1 National Institute for Health and Welfare, Department of Public Health Solutions, Finland.
2 Statistics Finland, Finland.
Scand J Public Health. 2019 Jun;47(4):469-473. doi: 10.1177/1403494819840895. Epub 2019 Apr 11.
We aim to compare four different weighting methods to adjust for non-response in a survey on drinking habits and to examine whether the problem of under-coverage of survey estimates of alcohol use could be remedied by these methods in comparison to sales statistics.
The data from a general population survey of Finns aged 15-79 years in 2016 ( n=2285, response rate 60%) were used. Outcome measures were the annual volume of drinking and prevalence of hazardous drinking. A wide range of sociodemographic and regional variables from registers were available to model the non-response. Response propensities were modelled using logistic regression and random forest models to derive two sets of refined weights in addition to design weights and basic post-stratification weights.
Estimated annual consumption changed from 2.43 litres of 100% alcohol using design weights to 2.36-2.44 when using the other three weights and the estimated prevalence of hazardous drinkers changed from 11.4% to 11.4-11.8%, correspondingly. The use of weights derived by the random forest method generally provided smaller estimates than use of the logistic regression-based weights.

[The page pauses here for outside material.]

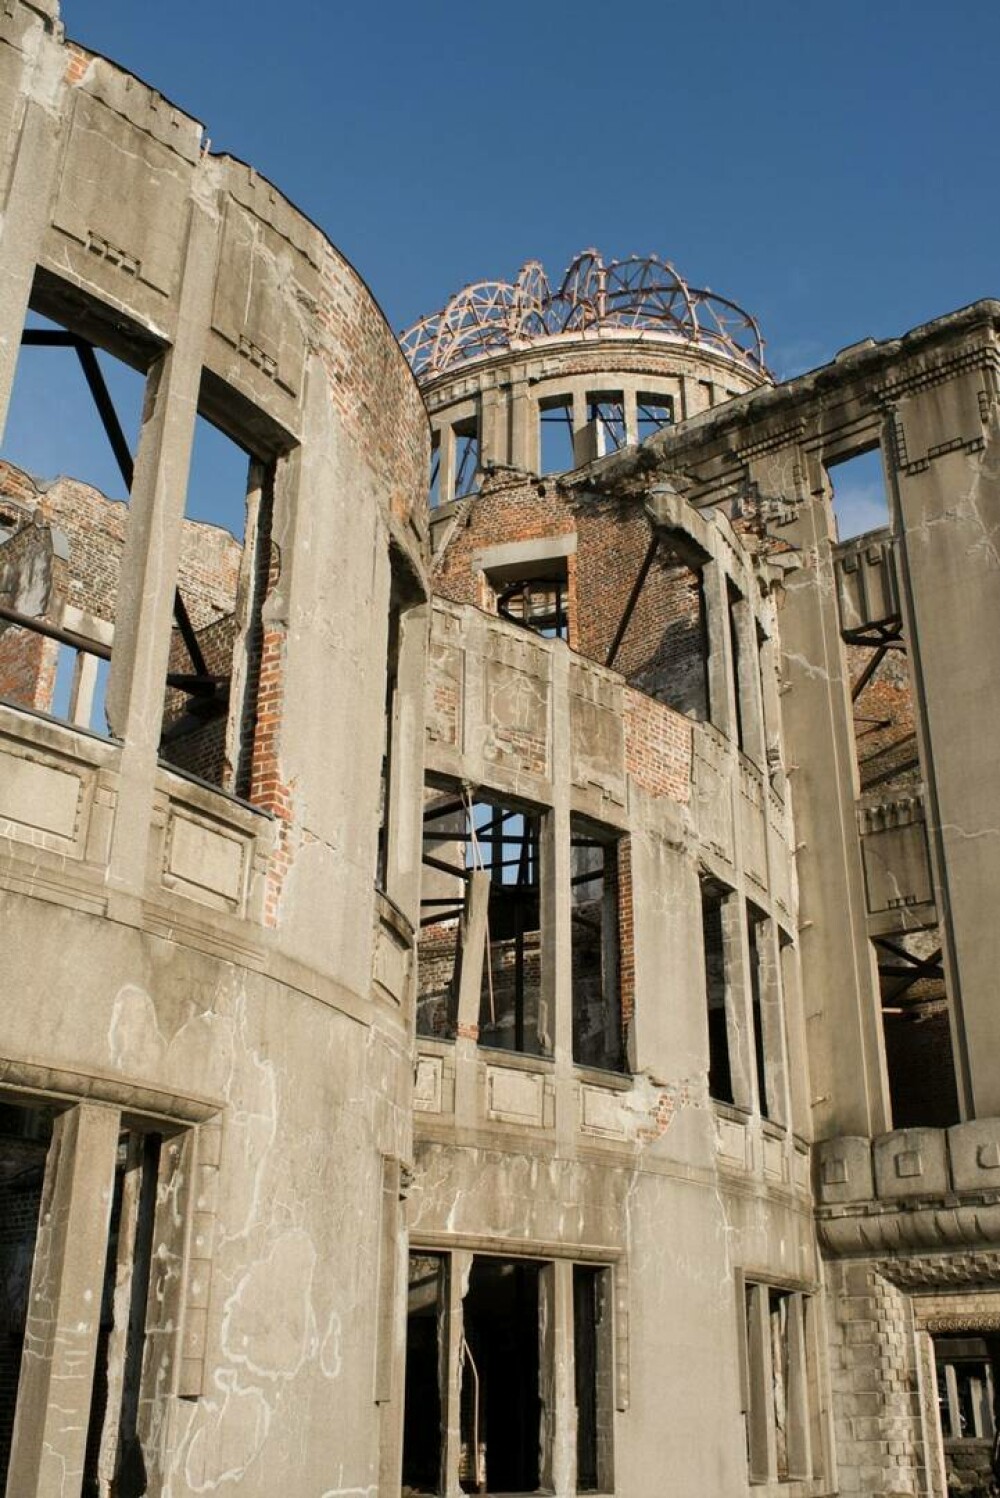 78 de ani de la bombardamentele atomice de la Hiroshima. Primarul îndeamnă eliminarea completă a armelor nucleare. FOTO - Imaginea 2

The use of complex non-response weights derived from the logistic regression model or random forest are not likely to provide much added value over more simple weights in surveys on alcohol use. Surveys may not catch heavy drinkers and therefore are prone for under-reporting of alcohol use at the population level. Also, factors other than sociodemographic characteristics are likely to influence participation decisions.
我们旨在比较四种不同的加权方法,以调整 2016 年一项关于饮酒习惯的调查中的无应答问题,并检验这些方法是否可以通过与销售统计数据相比来纠正酒精使用调查估计值的覆盖范围不足的问题。
使用了 2016 年芬兰年龄在 15-79 岁的一般人群调查的数据(n=2285,应答率为 60%)。结果测量为饮酒的年量和危险饮酒的流行率。从登记处获得了广泛的社会人口统计学和地区变量,以对无应答进行建模。使用逻辑回归和随机森林模型对应答倾向进行建模,除了设计权重和基本后分层权重外,还得出了两套细化权重。
使用设计权重估计的年消费量从 2.43 升 100%酒精变化为使用其他三种权重时的 2.36-2.44,估计的危险饮酒者流行率从 11.4%变化为 11.4-11.8%,相应地。随机森林方法得出的权重的使用通常提供的估计值小于基于逻辑回归的权重的使用。
在关于酒精使用的调查中,使用从逻辑回归模型或随机森林得出的复杂无应答权重不太可能比更简单的权重提供更多的附加值。调查可能无法捕捉到重度饮酒者,因此在人群水平上容易出现酒精使用报告不足的情况。此外,除了社会人口统计学特征外,其他因素也可能影响参与决策。